Déjà présente dans les feuilles, la chlorophylle restante commence à se décomposer en composés plus simples, qui sont ensuite absorbés par les brindilles de l’arbre, prêts pour l’arrivée de l’hiver.
À mesure que la chlorophylle se décompose, les magnifiques jaunes, rouges et ors, qui se cachaient sous la surface, sont enfin dévoilés. Cela se produit souvent à la mi-octobre, d’où la remarque poignante de Anne aux pignons verts.
Cependant, des études menées par la National Library of Medicine prévoient que d’ici 2100, la coloration des feuilles sera retardée d’environ 13 jours par rapport à aujourd’hui. Divers facteurs, comme l’augmentation des précipitations, la couverture nuageuse et la hausse des températures, atténueront les couleurs de l’automne à l’avenir. Le report des dates traditionnelles d’observation des feuilles d’octobre à novembre marquerait un changement culturel et météorologique évident.
« Au lieu de subir ce changement progressif, les arbres sont confrontés à des phénomènes météorologiques bizarres. Ils changent soudainement ou perdent leurs feuilles plus tôt que prévu », a déclaré Michael Sundberg, un arboriculteur certifié de la région de Denver, interrogé par l’Associated Press. « Cela fait quelques années que nous n’avons pas eu une année vraiment riche en feuilles, où il suffit de se promener en ville pour voir de très belles couleurs. »
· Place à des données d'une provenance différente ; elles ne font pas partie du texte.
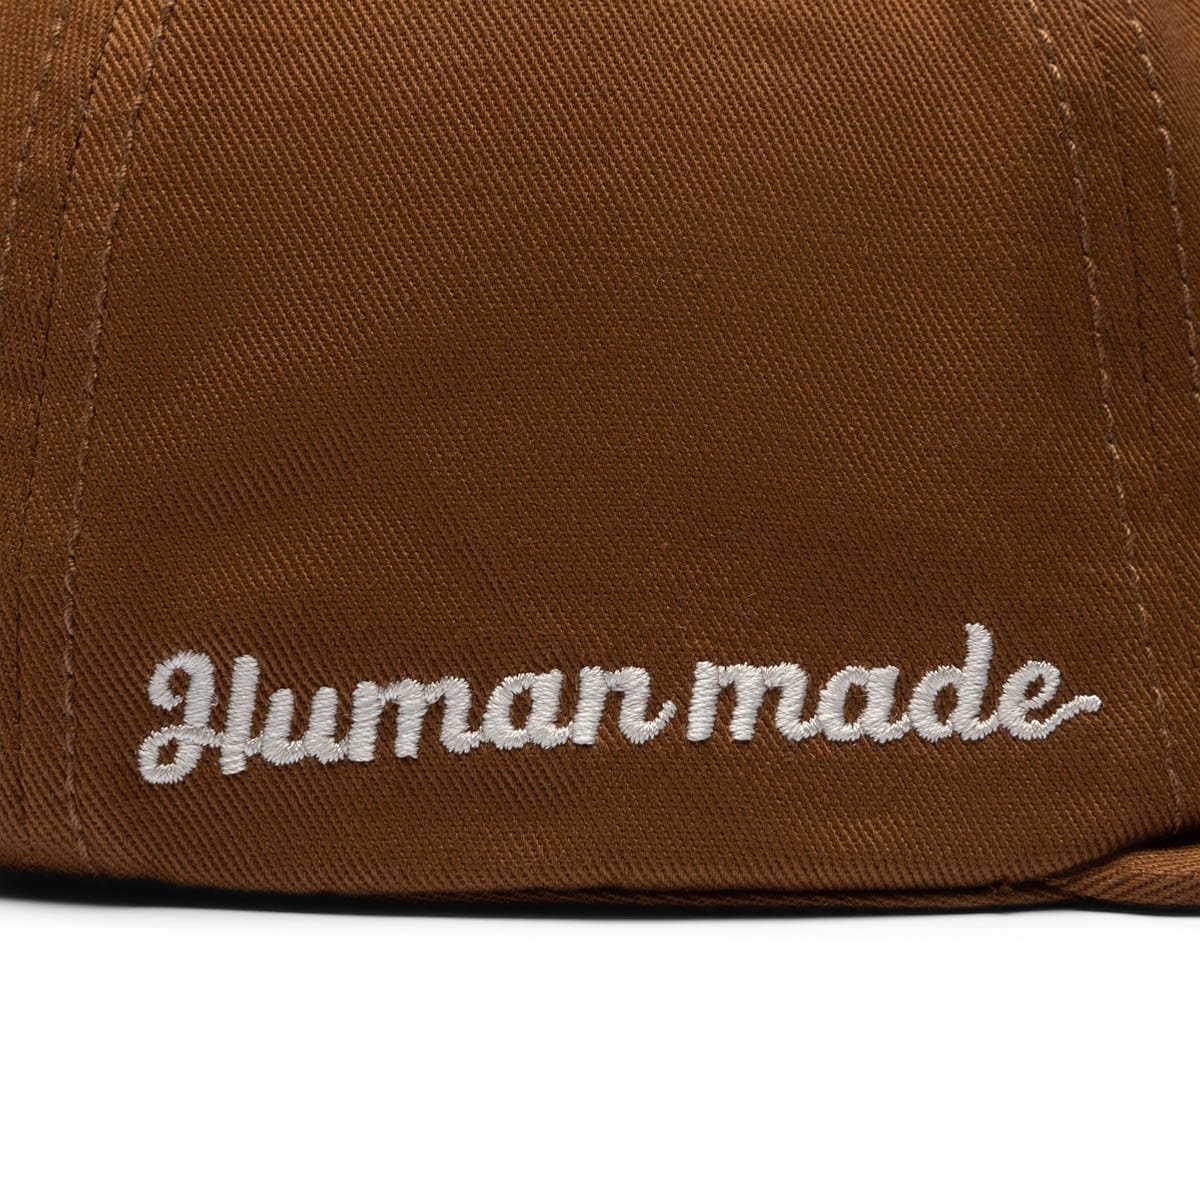 Human Made Headwear BROWN / O/S 6 PANEL TWILL CAP #1

Cette vision négative sur l’avenir des couleurs des arbres est partagée par Andrew Richardson, professeur Regents à la Northern Arizona University.
« Ce que nous allons généralement voir, c’est une tendance vers des arbres qui ne sont plus aussi sains et vigoureux qu’ils le sont actuellement, ce qui va probablement, à long terme, réduire l’intensité des couleurs d’automne », a-t-il déclaré à Cronkite News.
La contrainte prolongée du soleil pourrait potentiellement diluer les couleurs vives et vibrantes, et ce qui était autrefois des rouges rayonnants pourrait ressembler à une argile plus fanée, ce qui n’est pas quelque chose que les offices de tourisme, les chaînes hôtelières ou les producteurs de télévision voudraient montrer dans leurs campagnes publicitaires d’automne.
Mais d’un autre côté, pourrait-on assister à une augmentation (à court terme, du moins) de l’observation des feuilles mortes et des revenus si les touristes savent que ces magnifiques spectacles d’automne ont un avenir incertain ? Une industrie qui gonfle déjà de dollars pourrait encore gonfler si les touristes décident de faire les foins pendant que le soleil brille (sans jeu de mots).
Et comme l’a dit Howard Neufeld, biologiste à l’Université d’État des Appalaches National Geographic« L’automne est l’endroit où le temps est le plus agréable. Il fait frais et frais. Les couleurs automnales sont un atout touristique majeur », a-t-il déclaré. « Si davantage de personnes sortent pour découvrir la nature et en apprécier la fragilité, elles seront peut-être plus enclines à faire quelque chose pour la protéger. »
Alors, vous pourrez toujours admirer les feuilles, mais n’oubliez pas de profiter au maximum de ces couleurs époustouflantes et de profiter de chaque seconde du mois d’octobre.